— Problem description —
What you return should be the full listing, copied exactly and stripped of its pictures.

— Collected data —
+ + + + +

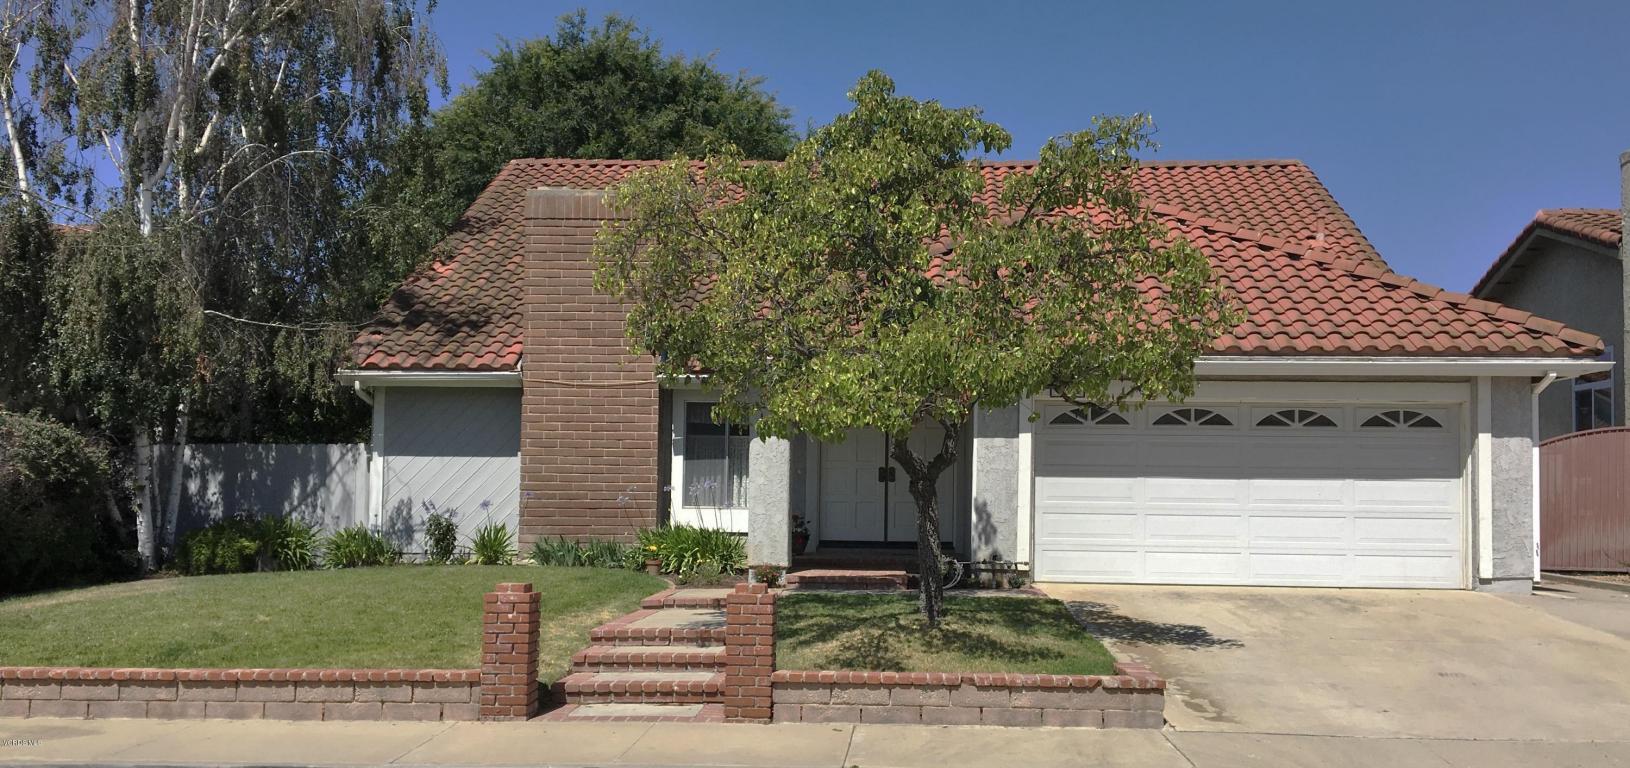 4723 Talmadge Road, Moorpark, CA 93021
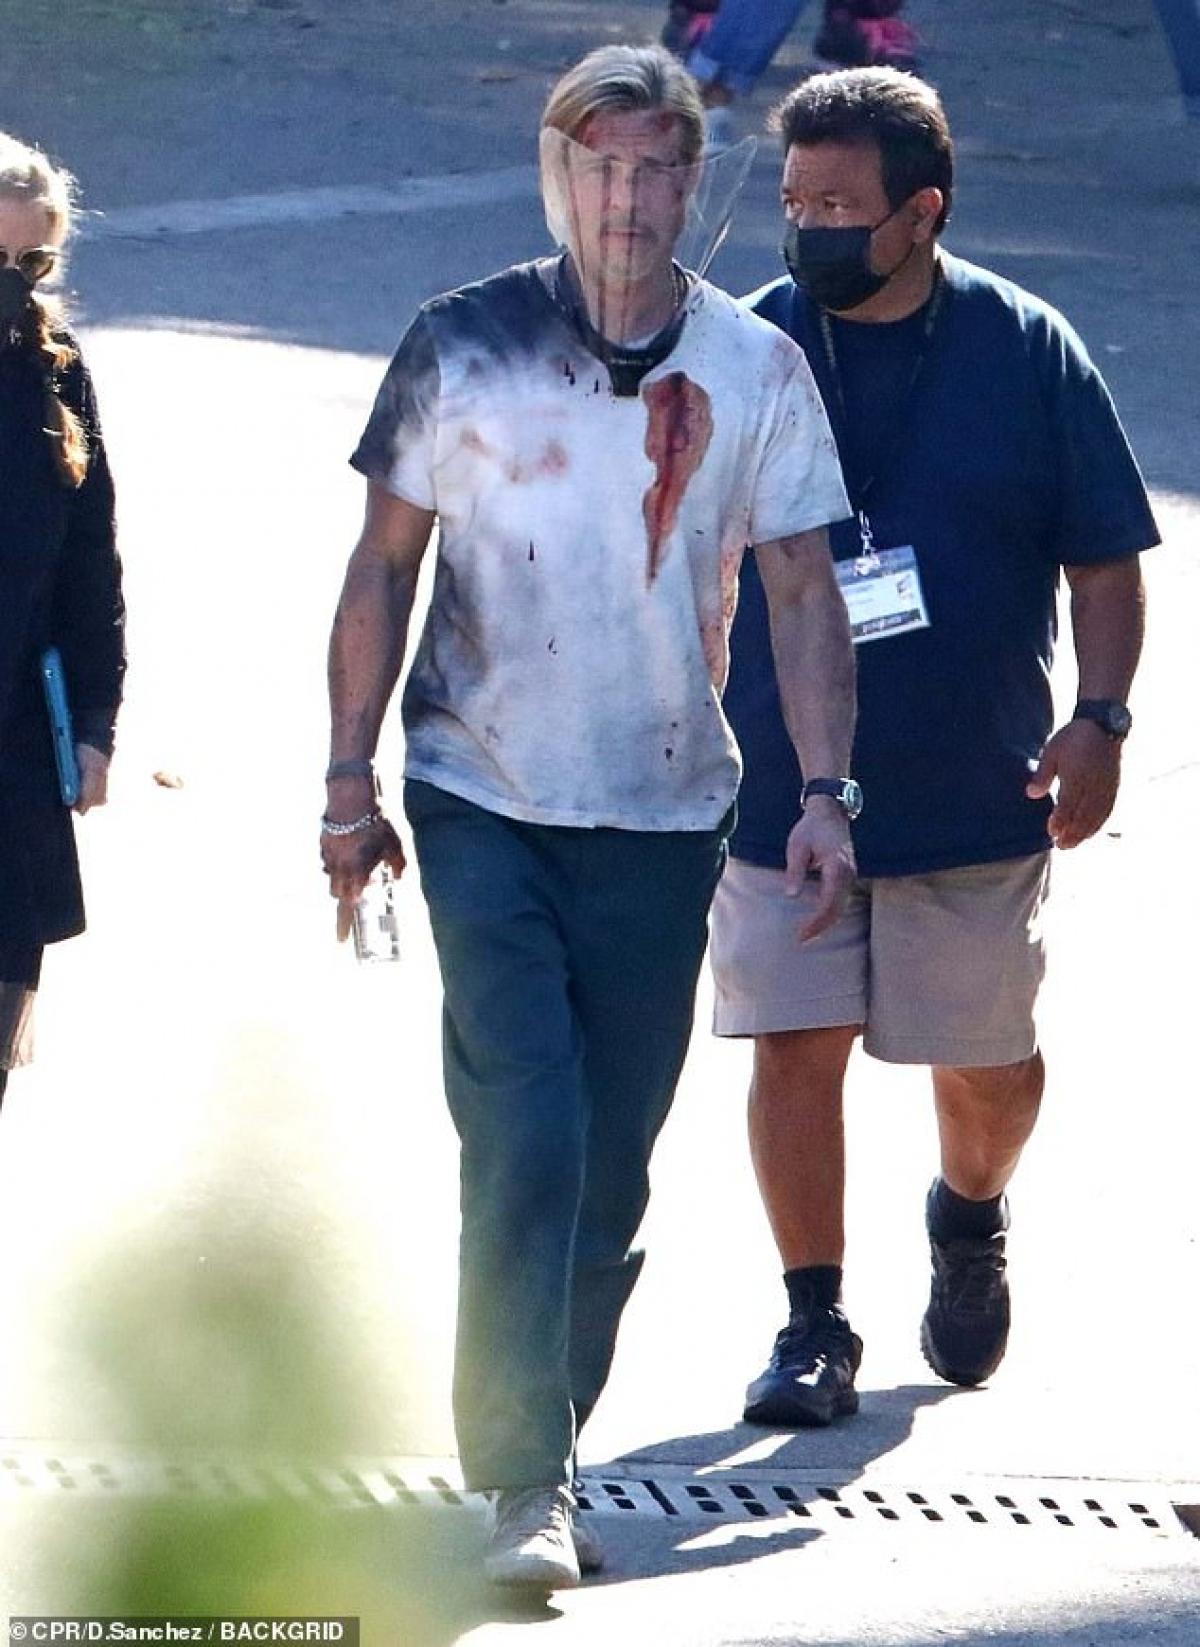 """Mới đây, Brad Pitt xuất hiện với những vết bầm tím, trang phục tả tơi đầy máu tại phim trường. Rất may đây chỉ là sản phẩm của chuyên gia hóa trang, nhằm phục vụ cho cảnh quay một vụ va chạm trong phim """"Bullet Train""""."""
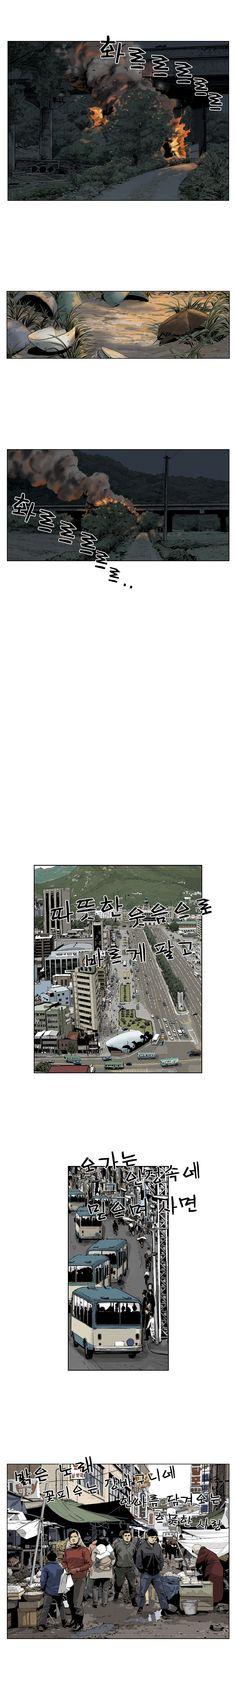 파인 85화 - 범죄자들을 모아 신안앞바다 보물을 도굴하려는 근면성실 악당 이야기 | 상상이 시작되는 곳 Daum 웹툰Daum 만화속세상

+ + + + +

— Task answer —
 4723 Talmadge Road, Moorpark, CA 93021
 """Mới đây, Brad Pitt xuất hiện với những vết bầm tím, trang phục tả tơi đầy máu tại phim trường. Rất may đây chỉ là sản phẩm của chuyên gia hóa trang, nhằm phục vụ cho cảnh quay một vụ va chạm trong phim """"Bullet Train""""."""
 파인 85화 - 범죄자들을 모아 신안앞바다 보물을 도굴하려는 근면성실 악당 이야기 | 상상이 시작되는 곳 Daum 웹툰Daum 만화속세상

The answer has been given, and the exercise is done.